Stage 3 — Structured output

Time budget: ~3–5 days

In one line: Get the model to return a schema-validated object, not free-form text — the pattern that turns LLMs into reliable function-shaped components.

This is the most undersold stage in the roadmap. Once you can reliably get {category, priority, summary, confidence} back from a model — typed, validated, schema-checked — an enormous fraction of "AI features" reduce to a one-call function. Ticket triage, intent classification, form auto-fill, entity extraction, content moderation, sentiment, code review heuristics — same pattern.

In plain English

Free-form text from an LLM is hard to use in code: you have to parse it, hope it's well-formed, handle edge cases. Structured output flips this — you tell the model "return JSON matching this exact schema," and the provider's machinery (constrained decoding, JSON mode, function-calling under the hood) guarantees you get back something you can parse. Failure modes shrink from "model said something weird" to "model said something I can validate and re-prompt about."

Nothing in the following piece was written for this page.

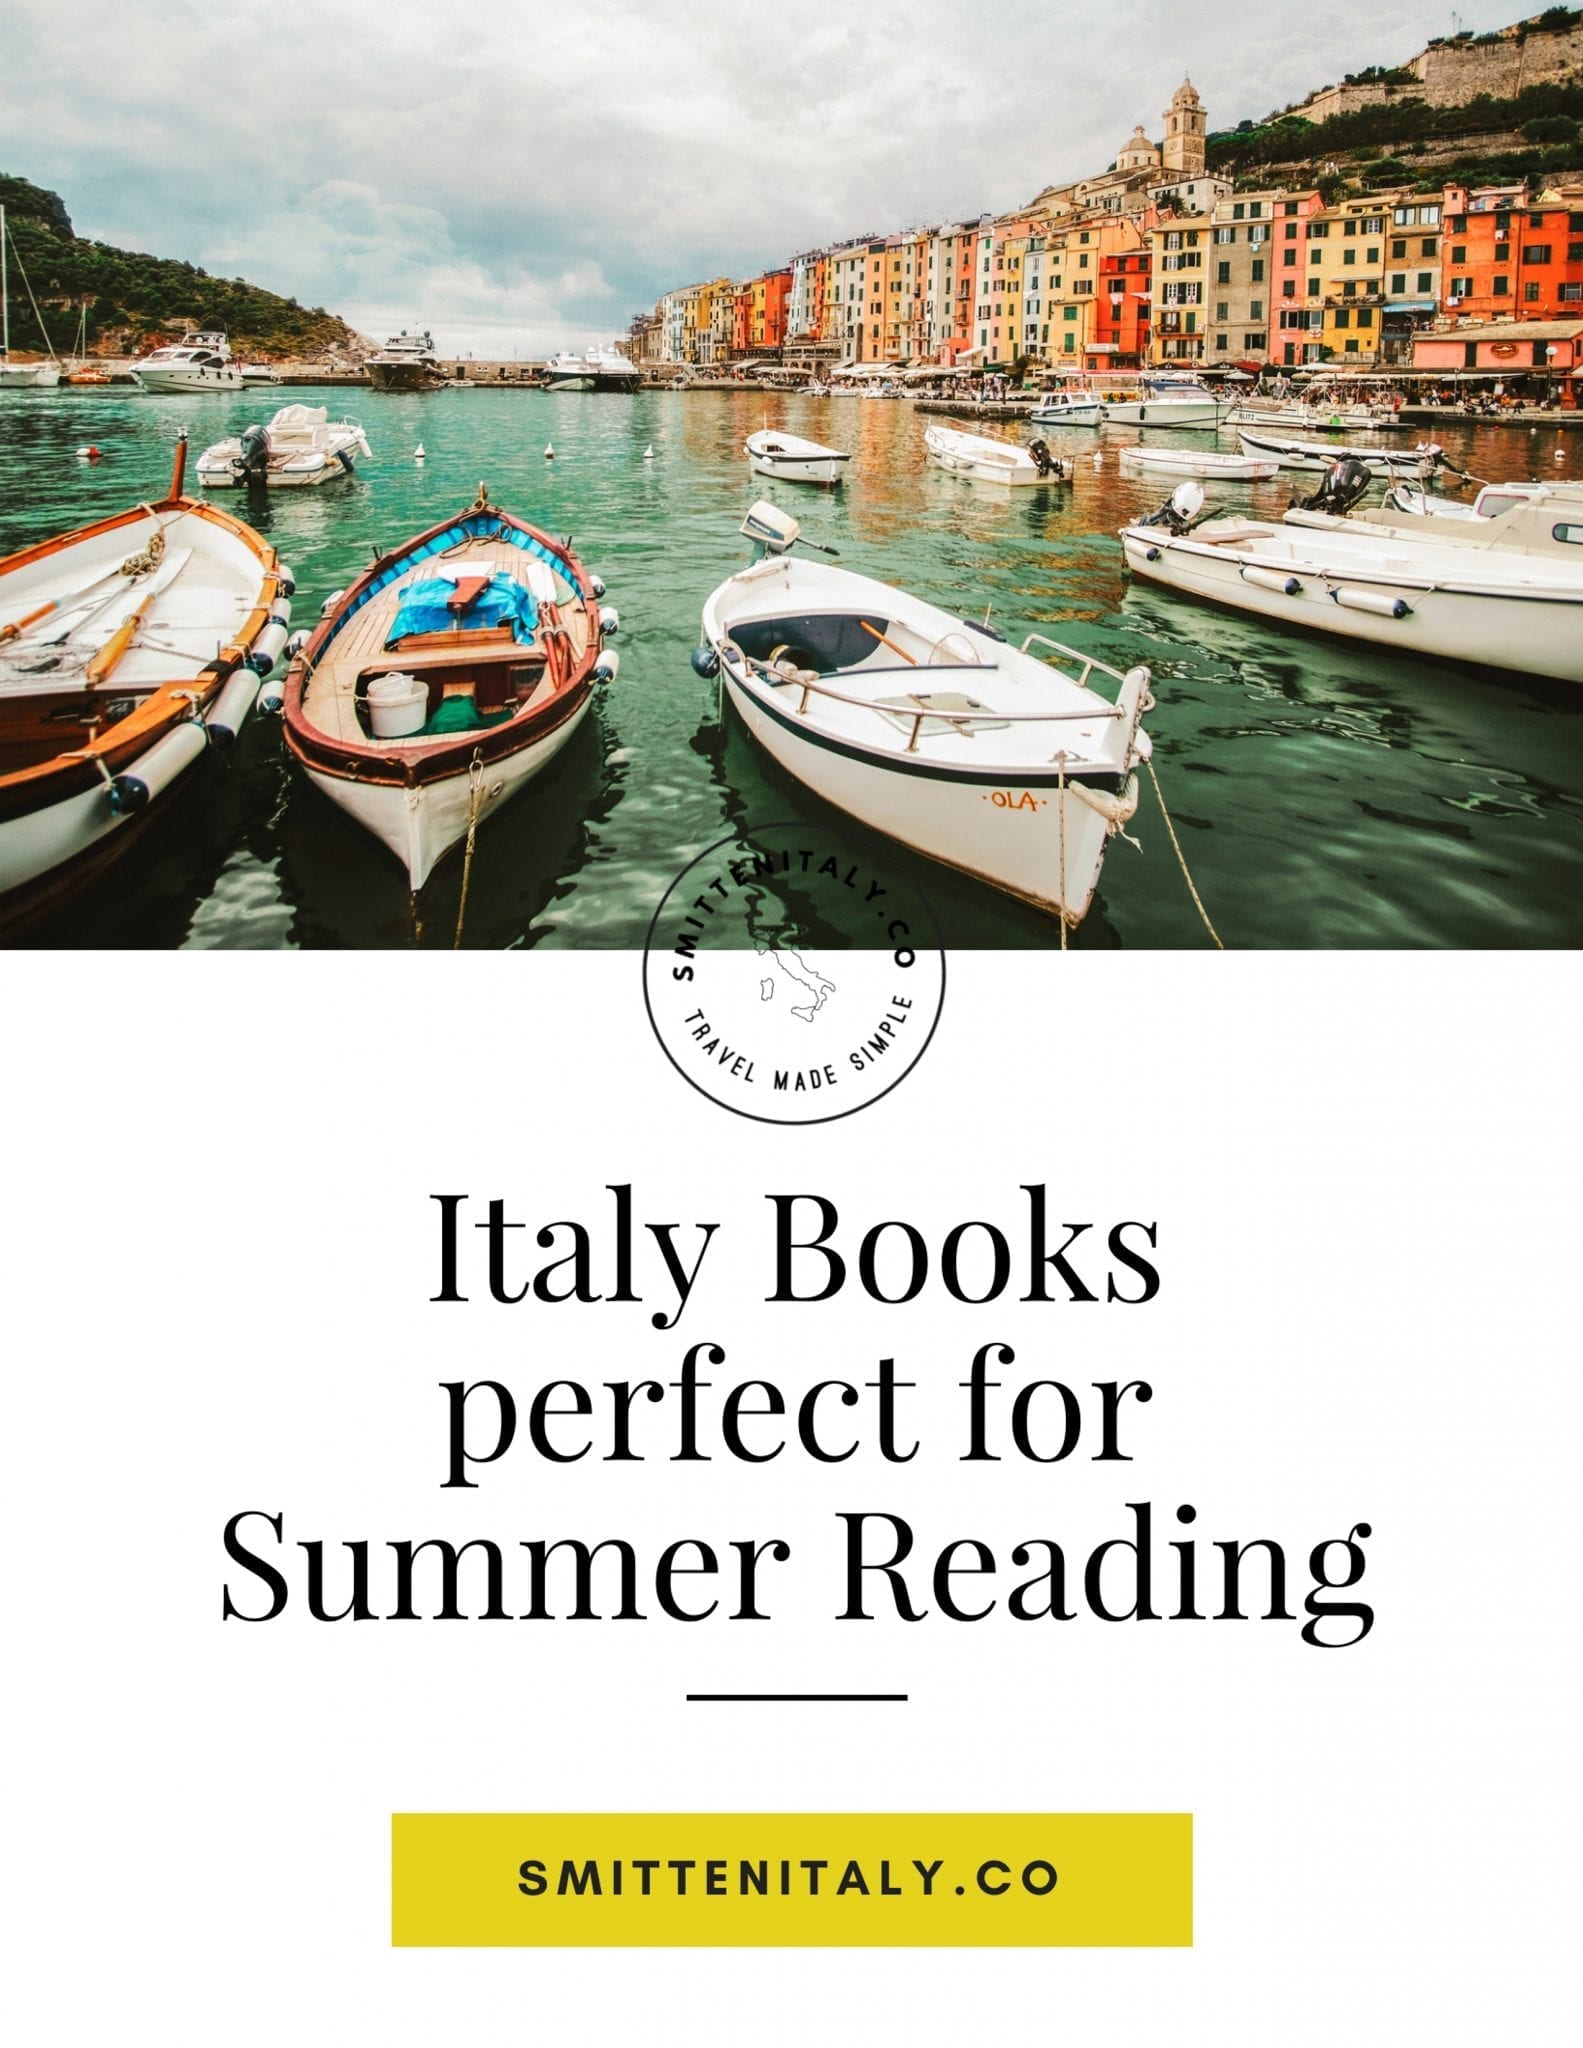 Best Italy Books for Summer Reading

1. The shape of the problem

Goal: paste in a customer support email; get back a typed object you can route on.

{
  "category": "billing",        # one of a closed set
  "priority": "high",            # one of: low | medium | high | urgent
  "summary": "Customer charged twice for September subscription.",
  "needs_human": True,
  "confidence": 0.9,
}

Doing this with raw text + regex is misery: the model might say "Category: billing." or "billing" or "billing\n\n" or "I think this is billing, possibly account." Schema-constrained generation removes the entire class of parsing bugs.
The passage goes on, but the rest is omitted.